• _Available records_
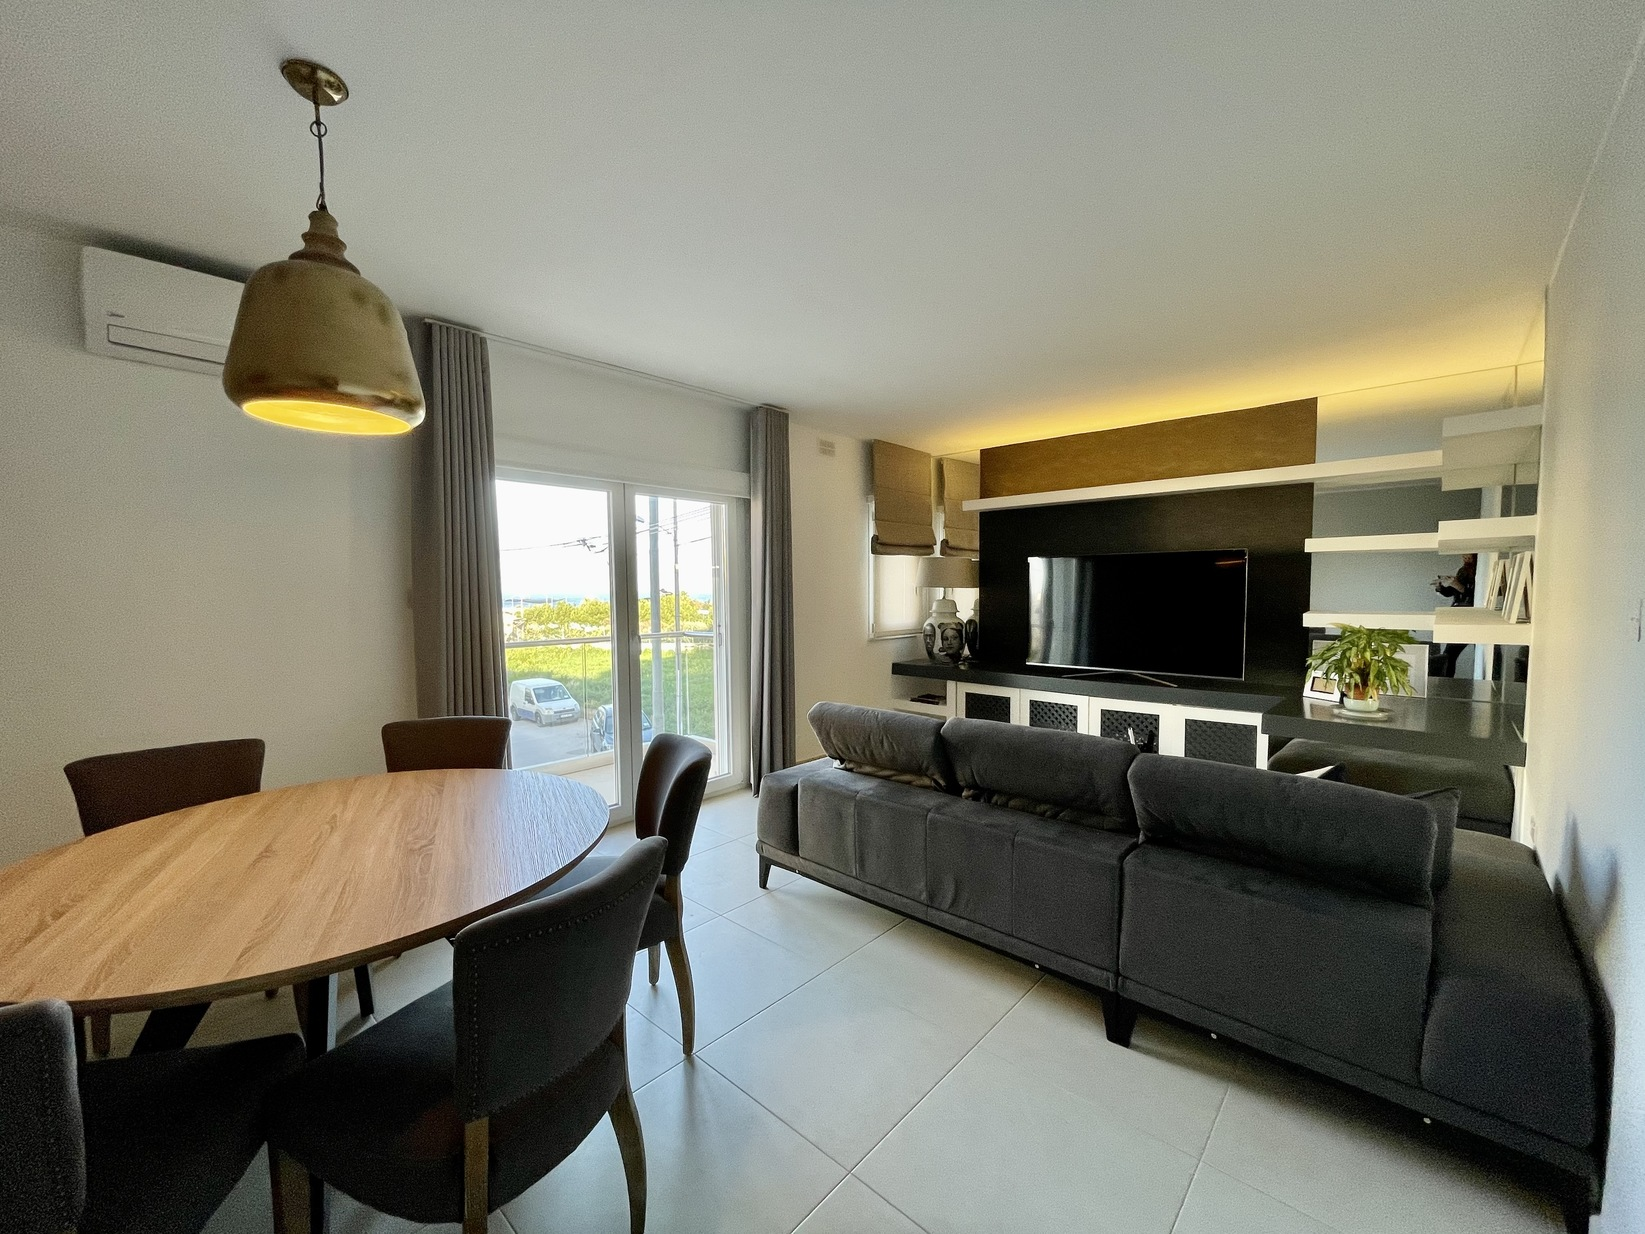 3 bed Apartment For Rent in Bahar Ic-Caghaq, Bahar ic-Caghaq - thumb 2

* * *

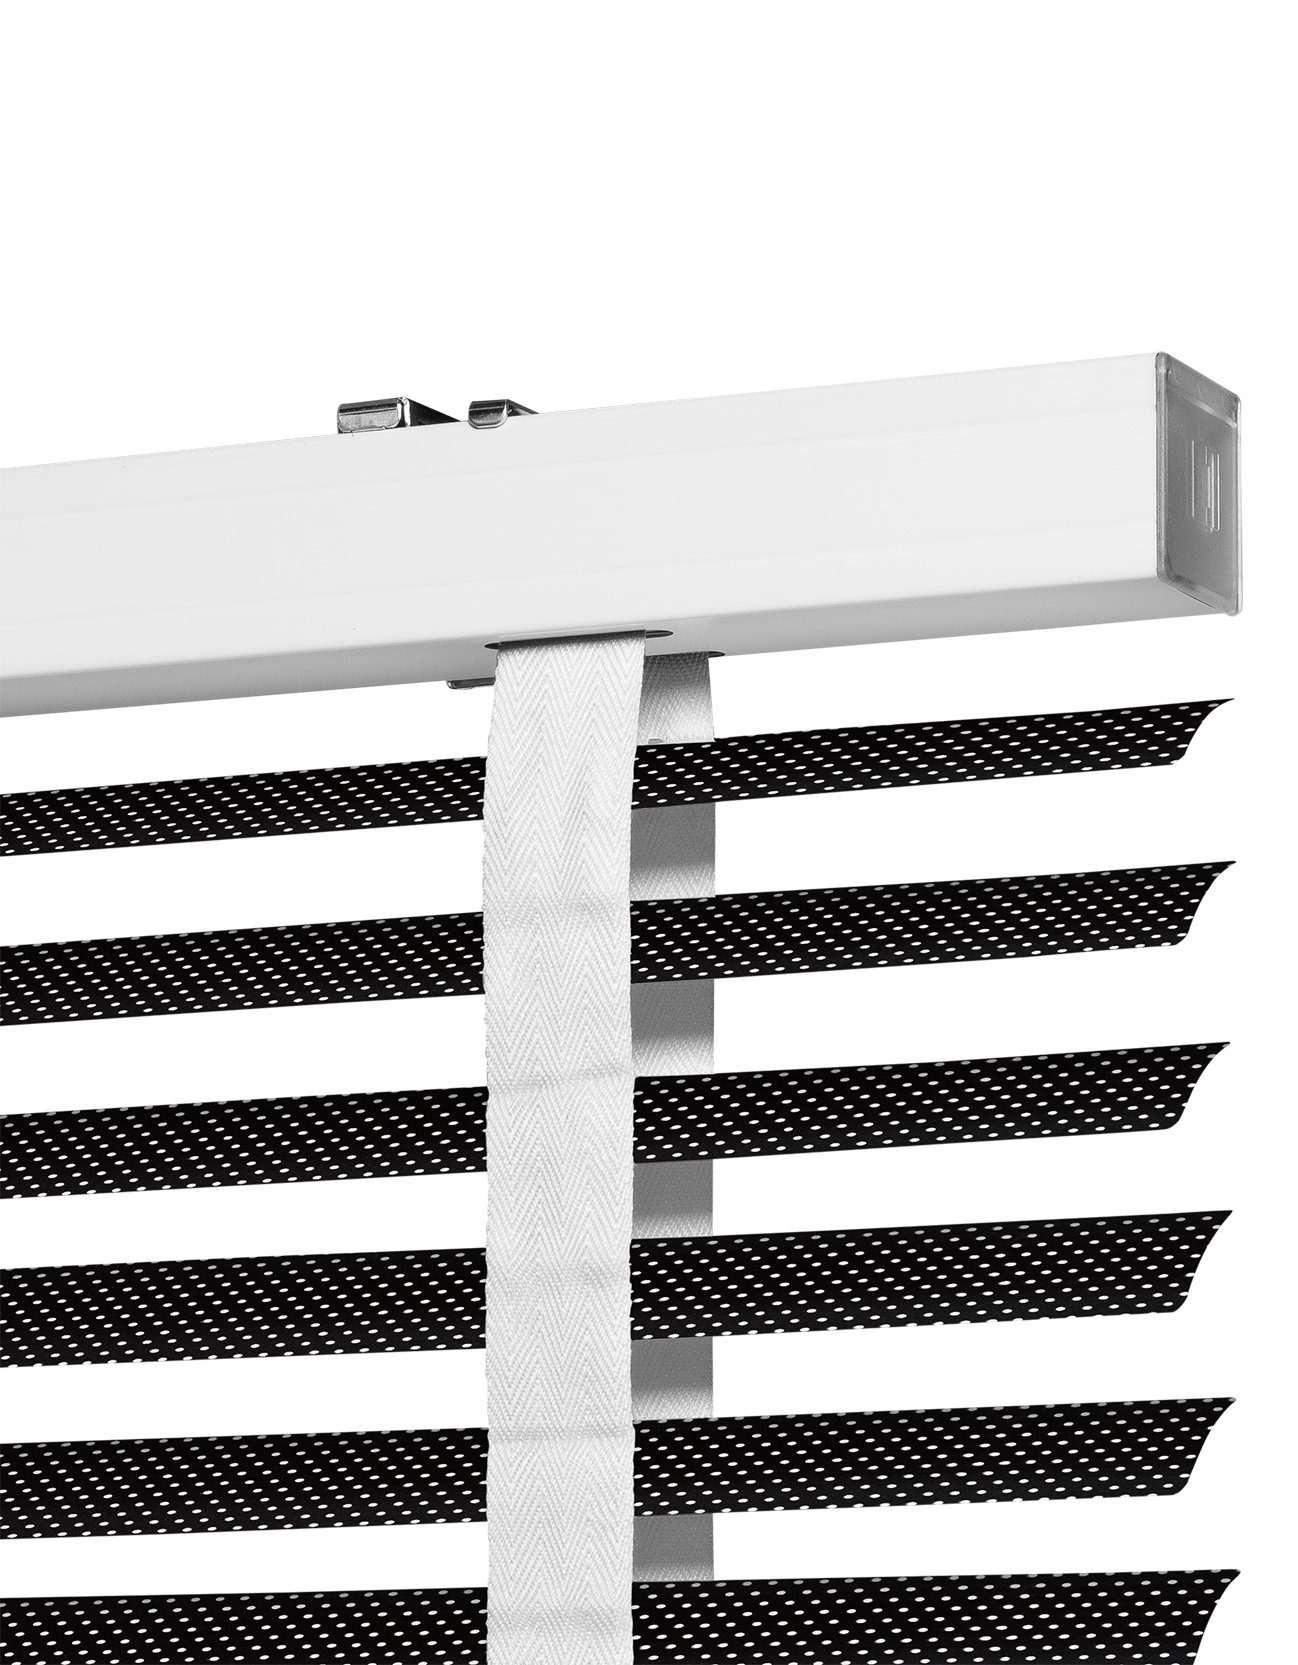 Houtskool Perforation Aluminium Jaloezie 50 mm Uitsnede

---

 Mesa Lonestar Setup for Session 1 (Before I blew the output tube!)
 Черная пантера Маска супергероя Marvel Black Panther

• _Prompt_
Wherever the line holding "Mesa Lonestar Setup" falls in the entries above, copy exactly from it through the line holding "Черная пантера Маска", inclusive, and add nothing.

• _Solution to this problem_
 Mesa Lonestar Setup for Session 1 (Before I blew the output tube!)
 Черная пантера Маска супергероя Marvel Black Panther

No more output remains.